La transition énergétique, qui implique une demande croissante en minerais stratégiques, pourrait permettre aux pays africains riches en ressources naturelles de mieux tirer profit de ces gisements. C’est en substance le message phare délivré par la Banque mondiale dans son rapport «Africa’s Resource Future» publié le 10 mai 2023. D’après l’institution de Breton Woods, ces pays qui ne captent qu’environ 40% des revenus du marché mondial, peuvent plus que doubler leurs recettes provenant des minerais, grâce à cette tendance mondiale à privilégier les énergies respectueuses de l’environnement.
En effet, ces pays cultivent un véritable paradoxe depuis plusieurs décennies. Malgré les trésors enfouis dans leur sous-sols, leurs populations baignent dans la pauvreté. L’augmentation des recettes de l’Etat n’a pas permis de réduire cette précarité. La croissance annuelle de leur PIB par habitant était en moyenne inférieure de 1,5% aux niveaux moyens enregistrés dans les pays peu dotés en ressources naturelles.
Pis, selon la Banque mondiale, d’ici 2030, plus de 80% des pauvres de la planète résideront en Afrique subsaharienne, et près de 75% de ces personnes seront originaires de pays dont les sous-sols regorgent d’hydrocarbures et de minerais. Des pays tels que la RDC, le Zimbabwe, ou encore le Niger.
Cette malédiction des ressources pourrait être brisée, dans un contexte marqué par l’abandon progressif des combustibles fossiles par de nombreux pays dans le monde. Un virage vers les énergies vertes qui devrait entrainer une hausse de la demande en cobalt, lithium, cuivre et en nickel, des minerais nécessaires pour produire les turbines éoliennes, les panneaux solaires et les piles.
Mais pour bien profiter des retombées de cette transition, ces pays miniers doivent revoir le mode de gestion de ces ressources naturelles. «Les minéraux, le pétrole et le gaz représentent un tiers, ou plus, des exportations de la plupart des pays d’Afrique subsaharienne, mais les pays ont eu du mal à convertir cette richesse en croissance durable par le passé.

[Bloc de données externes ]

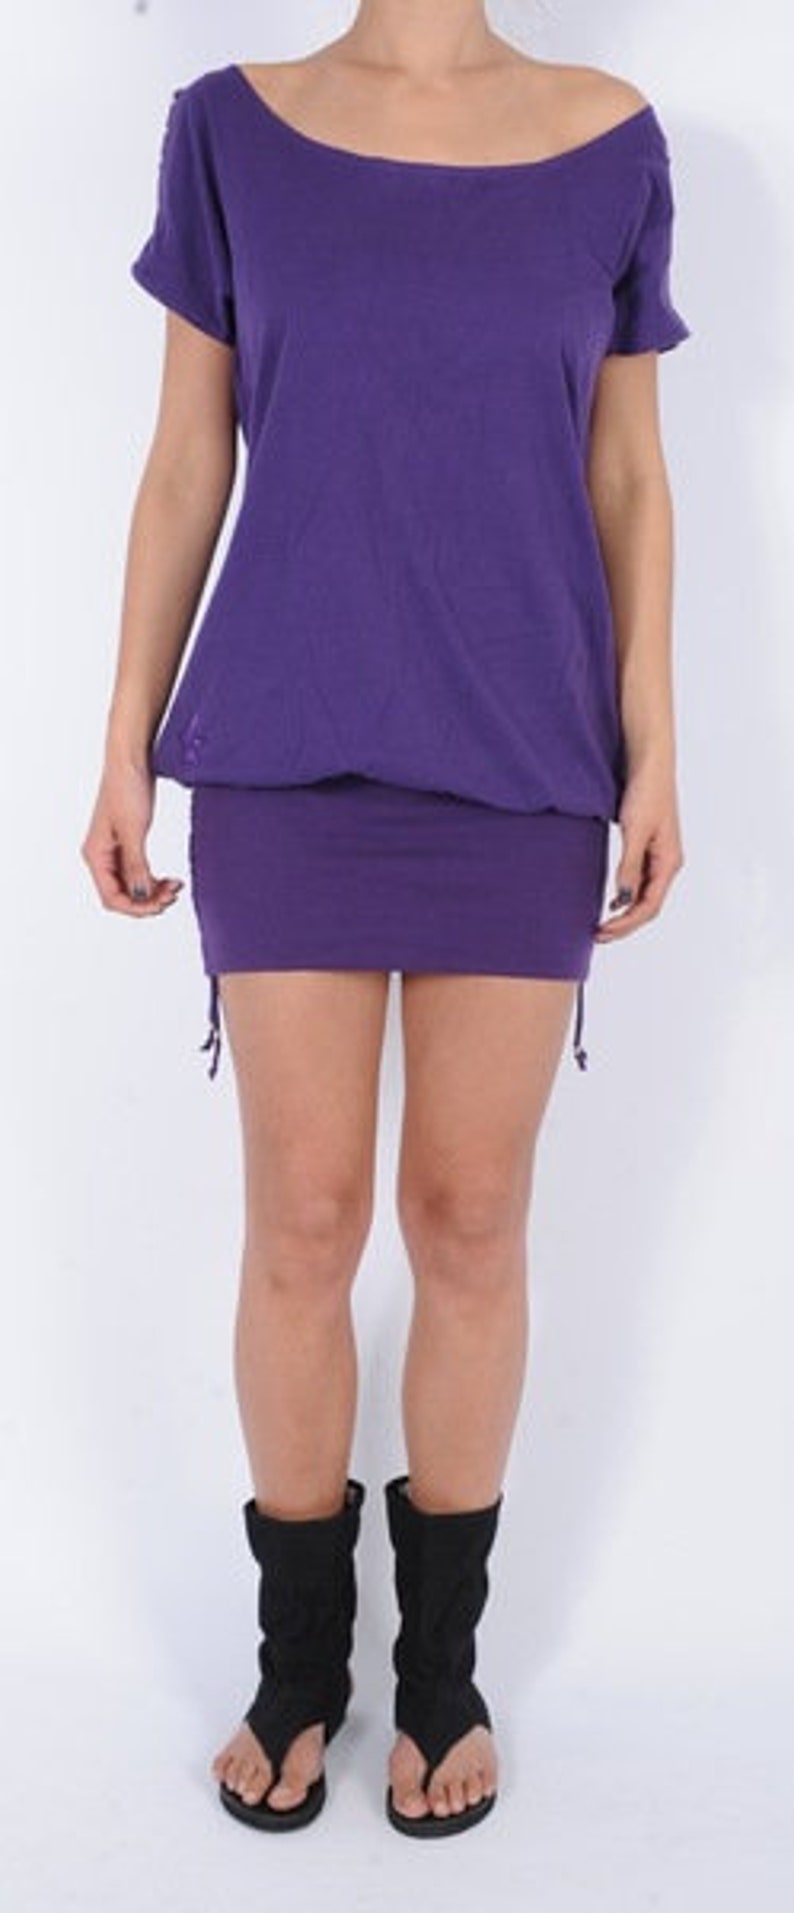 Tunique robe violet dos nu en coton bas extensible et ajustable OSHI image 4
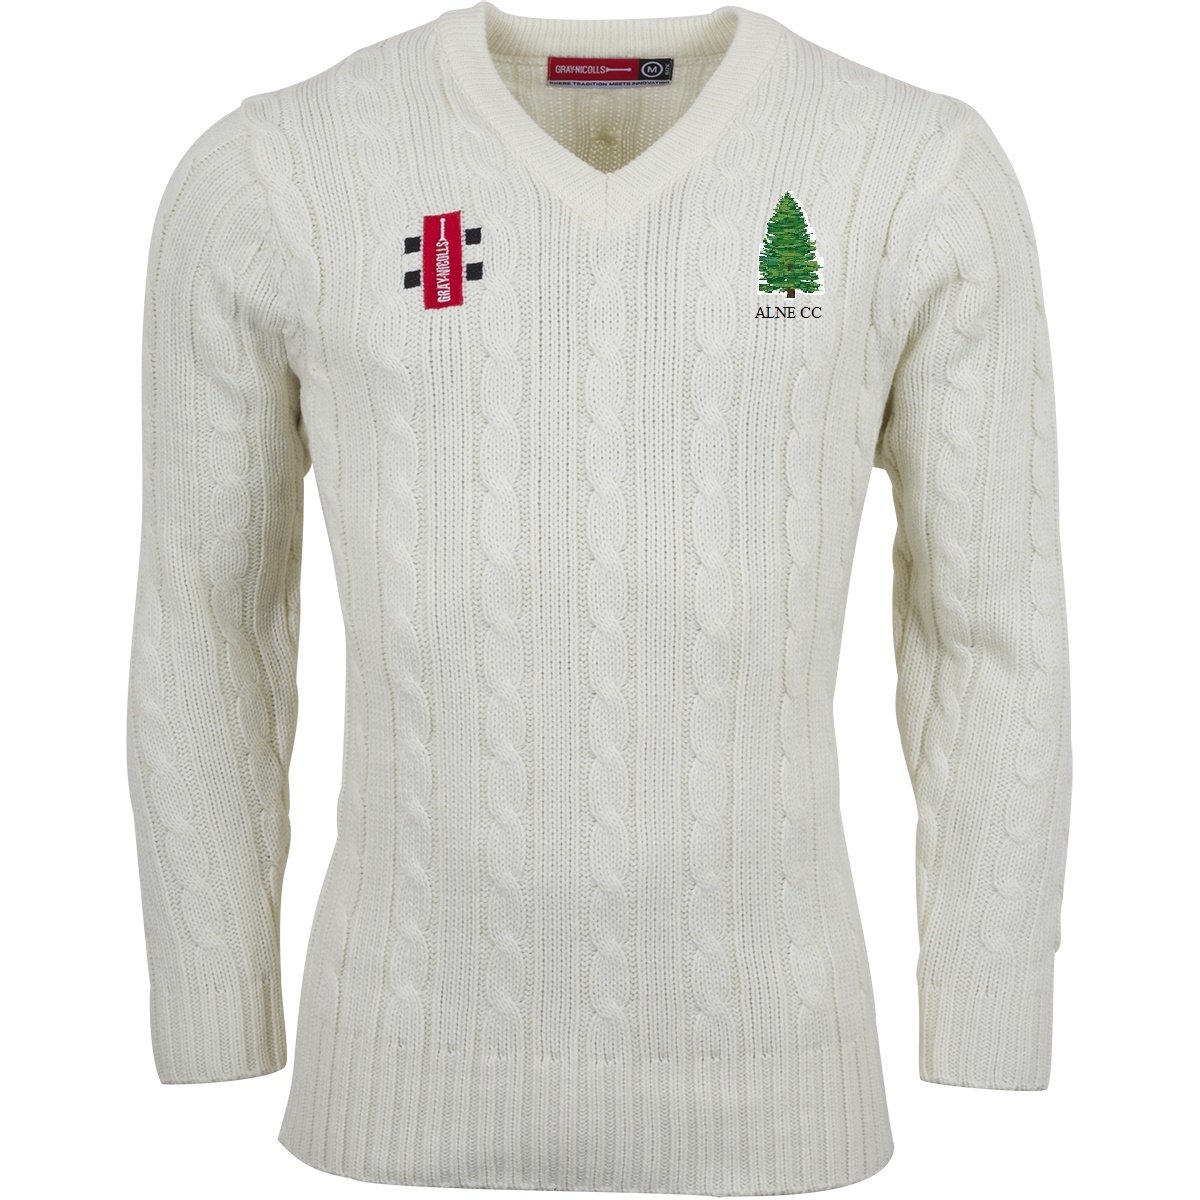 Alne Acryclic Woolen Style Long Sleeve Cricket Sweater

La dépendance régionale vis-à-vis des prix mondiaux des produits de base a conduit à une gestion sous-optimale des ressources publiques lorsque les prix sont élevés, et à des crises économiques et budgétaires lorsque les prix s’effondrent», expliquent les auteurs du rapport.
Mettre en place une taxation des ressources naturelles
L’autre grand défi à relever, c’est la bonne gouvernance secteur extractif. «La bonne gouvernance et la bonne gestion macro-fiscale des revenus des ressources, tout en préparant un avenir à faibles émissions de carbone, sont au cœur de la transition énergétique et doivent jouer un rôle central dans la transformation économique de l’Afrique», souligne la Banque mondiale.
Le rapport invite aussi ces Etats à mettre en place une taxation de ces ressources pour facturer le coût total des impacts environnementaux et sociaux qui ne sont pas toujours entièrement couverts par les producteurs, y compris les ressources pétrolières. «Maximiser les recettes publiques sous forme de redevances et d’impôts payés par les industries exploitant les ressources naturelles, tout en attirant de nouveaux investissements, offrirait un double dividende pour les populations et l’environnement augmentera la marge de manœuvre budgétaire, et permettra de supprimer les subventions implicites à la production», suggère James Cust, économiste principal chez la région Afrique de la Banque mondiale et coauteur du rapport.
Lire aussi : Transition énergétique: la demande des minerais stratégiques va exploser, voici les pays africains qui en profiteront
Par ailleurs, la Banque mondiale a mis en exergue les avantages de la future Zone de libre-échange continentale (ZLECAF) qui encouragera la promotion de l’intégration régionale, notamment à travers la suppression progressive de 90% des droits de douane au cours des cinq à dix prochaines années, et l’harmonisation des taxes et redevances minières en Afrique.
D’après Albert Zeufack, directeur pays de la Banque mondiale pour l’Angola, la RDC, et Sao Tomé-et-Principe, et co-auteur du rapport, «une approche régionale du secteur extractif permettrait la création de chaînes de valeur qui ajoutent plus de valeur et créent plus d’emplois pour les personnes vivant dans des pays riches en ressources».
Le secteur des minerais étant caractérisé par son instabilité, les auteurs du rapports invitent les gouvernements africains à préparer la prochaine chute des prix des matières premières, en investissant dans des secteurs productifs comme la santé, l’éducation, les infrastructures, les forêts, l’agriculture, et l’écotourisme.